For crossing oceans I had almost enough frequent flyer miles with American for another One World award. I bought the 1,000 miles I was short and then traded 130,000 miles for RDU-Glasgow and Bangkok-Jakarta-Sydney-Hawaii-Dallas-RDU in business class. Sounds simple, but it took several hours on the phone. My first itinerary was sunk by the rule that only allowed one "open" overland segment: I would have to backtrack from Denpasar to Jakarta and Sydney to Darwin. Tickets are only good for 365 days after they're issued so I had to delete New Zealand and the South Pacific. Finally, since reservations can only be made 331 days in advance I started with an almost wholly fictitious itinerary. When I called to convert it to reality I was unable to get a business class seat from Sydney to Los Angeles (almost a year in advance!) and will have to overnight in Honolulu.

Automobiles

One rental car. Two days. So I can visit Hadrian's Wall. That's it. I had thought of renting a car for the Pyrenees, until I discovered it would cost $90 a day for an automatic (the last time I tried to drive a stick shift my knees complained. So did the gear box.) I hope I still remember how to drive when I get home, but I really appreciate being able to travel without a car.

A Matter of Perspective

It may now be a small world for some purposes, but if you're traveling at ground level it's as big as ever it was. A ten month-long trip may sound as if I could go anywhere I want, but I spent as much time deciding where to leave out as where to put in. The first criterion was the need to produce a reasonable train journey. The second theme was empires -- edges of empires and center of empires. That's why Hadrian's Wall (northern edge of the Roman Empire) is in, but Brittany is out. It's why Rome is in but Florence didn't make the list. I already have the dream for the next trip: Ukraine, Eastern Turkey, Iran, Central Asia, all places I had to leave out this time. Believe me, it's a big, big world.

Shopping

I hate to shop. I especially hate to shop for clothes. Luckily, after two long trips I didn't need to do much shopping for this one. I knew which clothes worked and where to buy them. I had the packs, although I bought new money belts from Europe Through the Back Door. I had my usual problems with footwear. My feet only seem to like white Grid Sauconys, and apparently that model is going to be discontinued.

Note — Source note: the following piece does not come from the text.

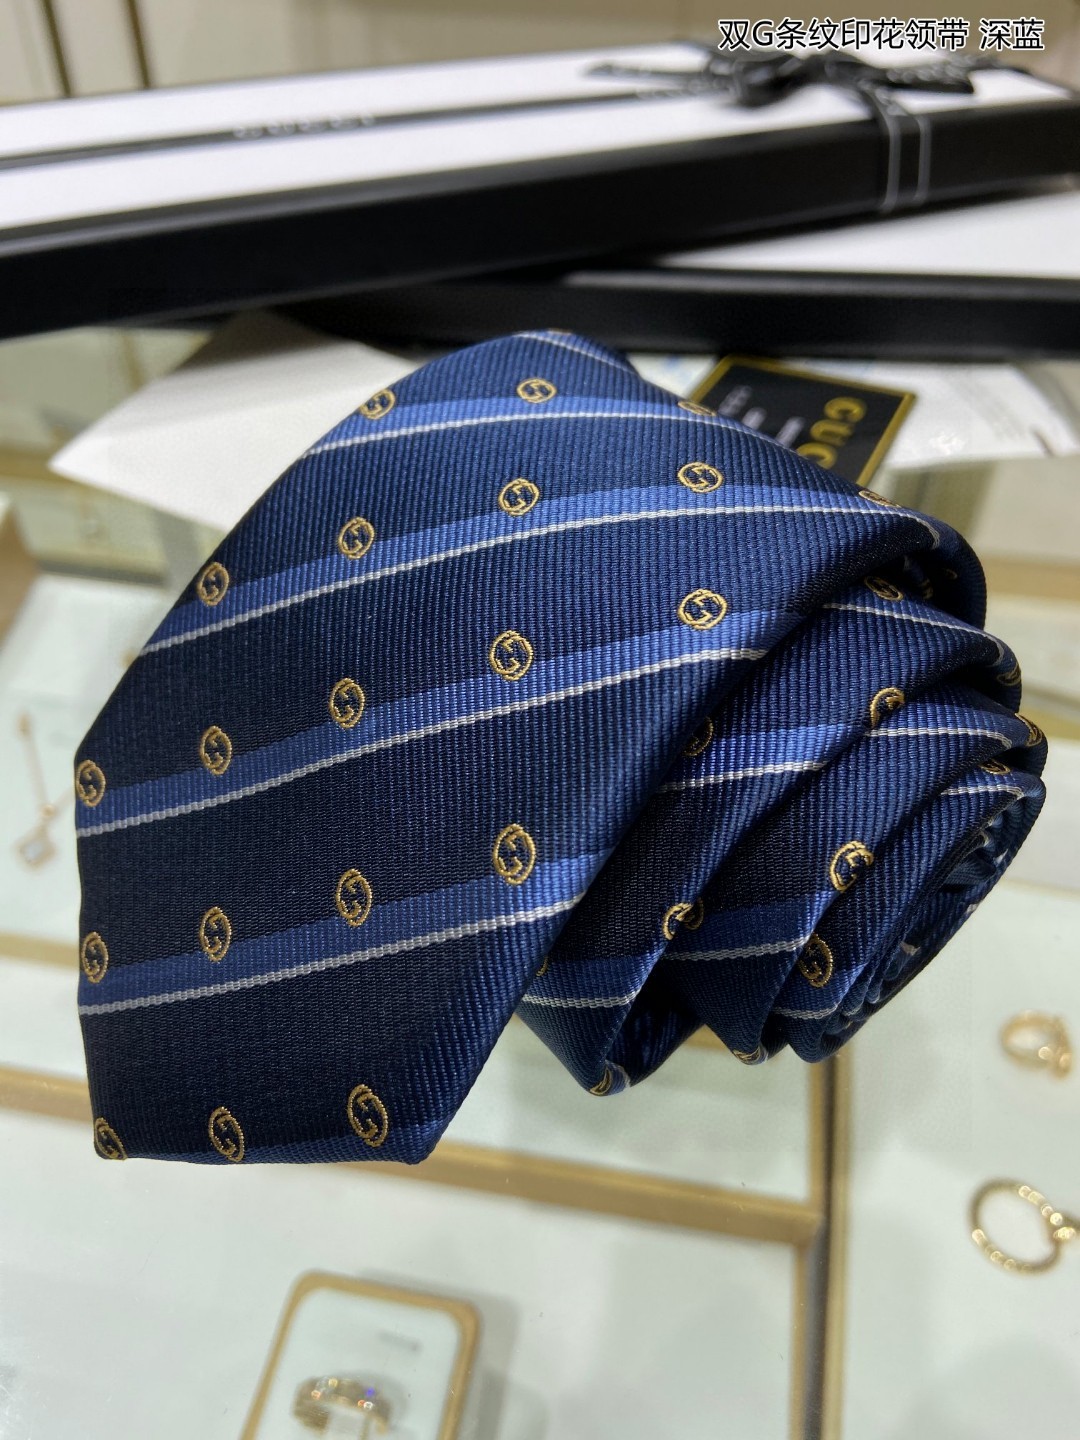 特价G家专柜新款双G条纹印花领带男士领带稀有采用经典小GLOGO提花展现精湛手工与时尚优雅的理想选择这款

The biggest headache was buying a new camera. Although my Canon G1 had taken some good pictures, I wanted a lighter battery charger, a longer zoom and faster power-up. It took two weeks of research and indecision before I settled on a Minolta A1. The camera was bigger than I wanted and didn't have an optical viewfinder, but it met my other criteria.

Health

Again, after two long trips to Asia I was pretty well covered here. I did get a pneumonia shot, but my main concern was anti-malaria tablets. I wound up with 100 tablets I wouldn't need for months. Most people ask me about intestinal problems, but my Achilles heel is literally my feet. I'm very careful about food and drink -- street food in China but not India, no ice in drinks in Asia -- and I carry Immodium and Cipro in case of disaster, but have rarely needed them, while I have had problems with my feet on both my previous trips. Right now a bigger worry is SARS, but there's not much I can do about that except stay up with the news and reroute if it seems prudent.

Leaving

As I worked my way through the MOAL spring arrived. Overnight the temperature rose and the dogwoods and azaleas blazed into flower. Eating farewell meals with my friends, enjoying North Carolina at its best, I began to wonder why I was leaving. Then I remembered that spring would not last long and that I could always email my friends. It was time to find out how the planning held up on the ground.